In Toronto, the Art Gallery of Ontario is also making changes. Without much fanfare, the gallery has rethought who it features in major exhibitions, replacing “mighty whities” with female and Indigenous artists. Recent shows have included the African American Mickalene Thomas, Inuit artists Kenojuak Ashevak and Tim Pitsiulak, BC First Nations artist Brian Jungen, and, from Japan, Yayoi Kusama, whose infinity mirror rooms provide an Instagram-friendly gallery experience. These big shows have proved popular, and the AGO has also launched a major outreach to youth, offering free admission to anyone younger than 25, as well as a new $35 annual pass to older visitors. (It would cost the gallery $14 million annually to offer free admission to all, as London’s National Gallery or the Smithsonian museums in Washington, DC, do.)
So far, the AGO’s bold experiment is producing some success stories. Western University student Phoebe Liao, 21, who hopes to become a doctor, visited the Kusama show after she saw the artist’s work on Instagram. She then followed the story as the AGO acquired its own infinity room for its permanent collection and got word of the new youth passes on the gallery’s website. During an internship in Toronto last summer, she took to dropping by the gallery after work.
Perils of populism
Liao has begun what may become a lifelong relationship with public art galleries thanks to both Kusama and the free admission. But is everyone’s connection this deep? Many programming experiments raise questions about how long audiences drawn by shiny offerings will stick around. When the AGO used the email list from its Kusama exhibition to crowdsource money to buy its own infinity room it drew half the response it had predicted. For some visitors, Kusama at the AGO was a fling not a marriage. That wouldn’t surprise Wilkinson of Symphony Nova Scotia, who has no expectation pop audiences will return to hear the classics. The point is to serve them, not convert them.
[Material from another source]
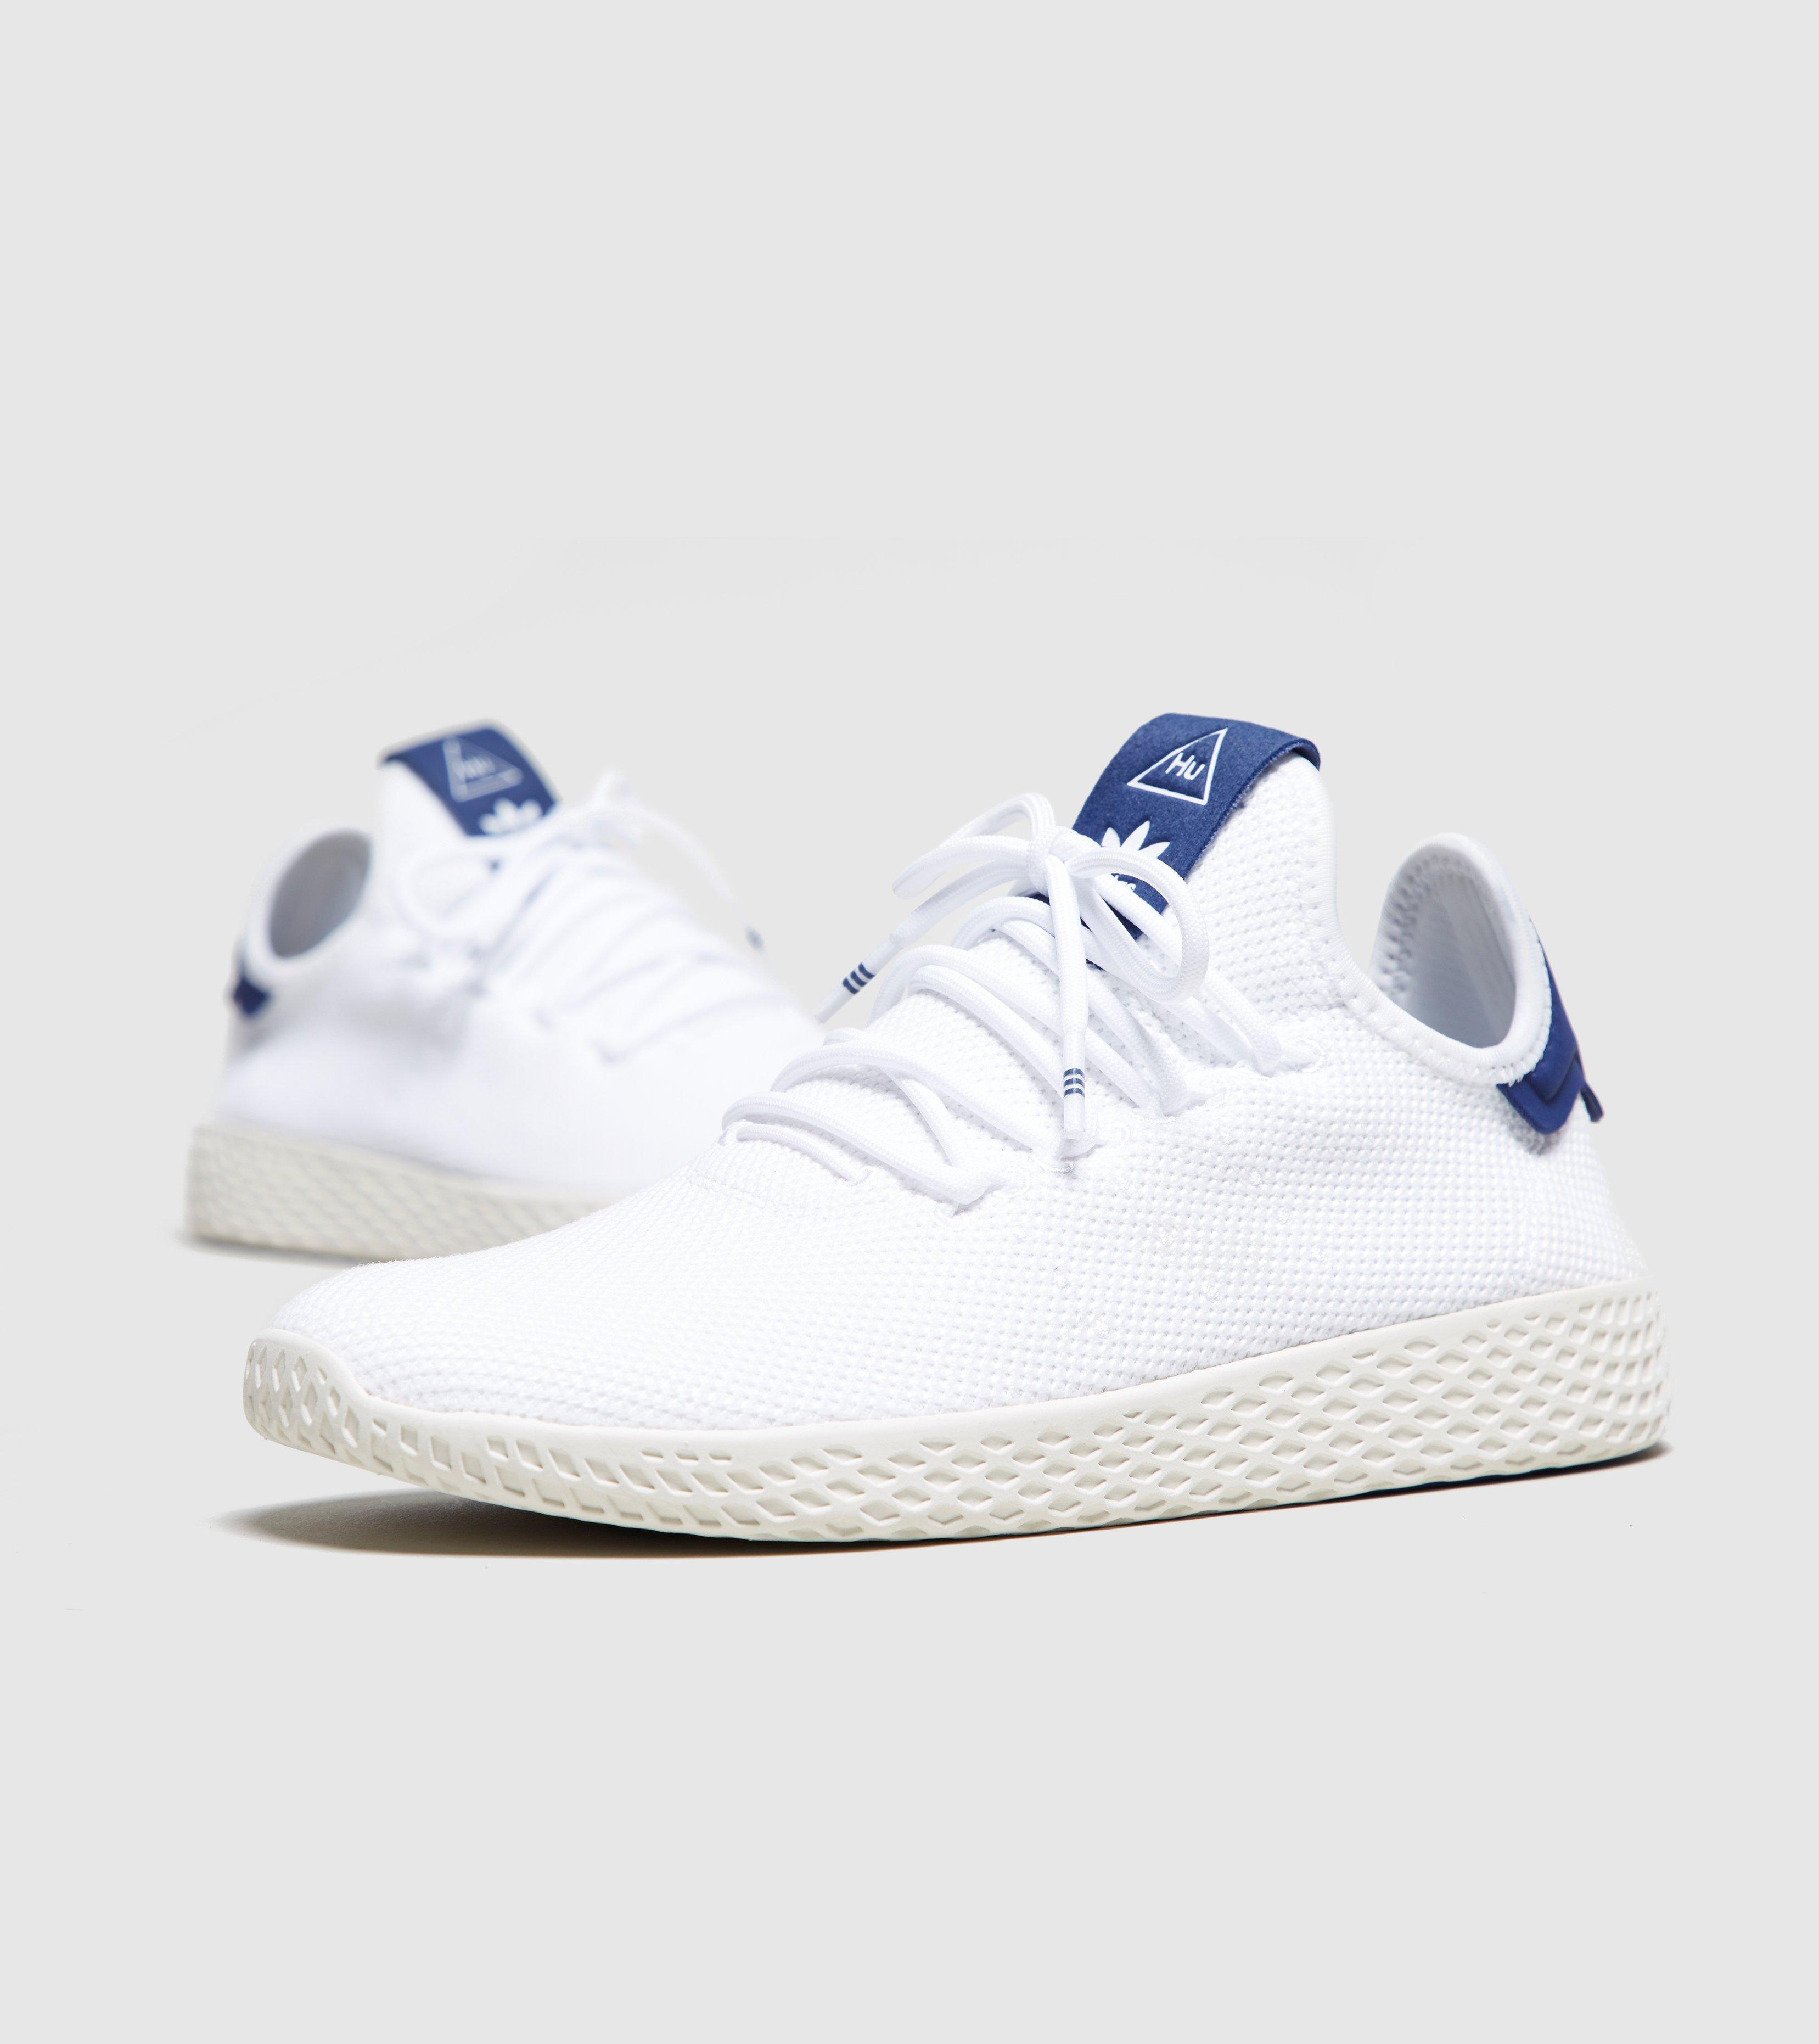 027780edde966 adidas Originals X Pharrell Williams Tennis Hu Women s - Lyst

The trick seems to be balancing the popular with the smart. For example, when Bondil borrowed a blockbuster show about the African influences in Pablo Picasso’s work from a French museum in 2018, she made sure to add a selection of works by African American and Black Canadian artists, winning kudos from museum colleagues while drawing big crowds. The last time the Stratford Festival staged The Merchant of Venice, in 2013, it impressed critics with the way it addressed the play’s potential anti-Semitism: organizing a mock human rights hearing for Shakespeare’s Shylock with former Supreme Court Chief Justice Beverley McLachlin presiding.
Arts groups need to know who they mean when they say “community” so they can actually chart the effects of outreach. Targeting specific audiences may be effective, but nobody should check groups off a list or consider diversity initiatives as a “one and done,” says Ravi Jain, artistic director of Why Not Theatre in Toronto. After the company mounted Prince Hamlet last winter with deaf actress Dawn Jani Birley in a production that included both spoken English and American Sign Language, it continued working with her on a second project and also remodelled a training program for Edmonton’s Citadel Theatre so that it could include deaf participants
Why Not is a cross-cultural company launched following the 2011 production of A Brimful of Asha, in which Jain appeared on stage with his own mother to tell the true story of her attempt to arrange his marriage to an Indian bride. The company now also helps other artists administer their companies and tour their work. “There is a role for a community changemaker that Netflix is not going to play,” Jain says, adding “Only a third of our activity is producing our own shows.”
“Two-thirds of our activity is saving the world,” chimes in Managing Director Owais Lightwala, with only a hint of irony. “An audience is people who buy tickets. Community is people you have accountability to. Loblaws has audiences; the arts should build communities.”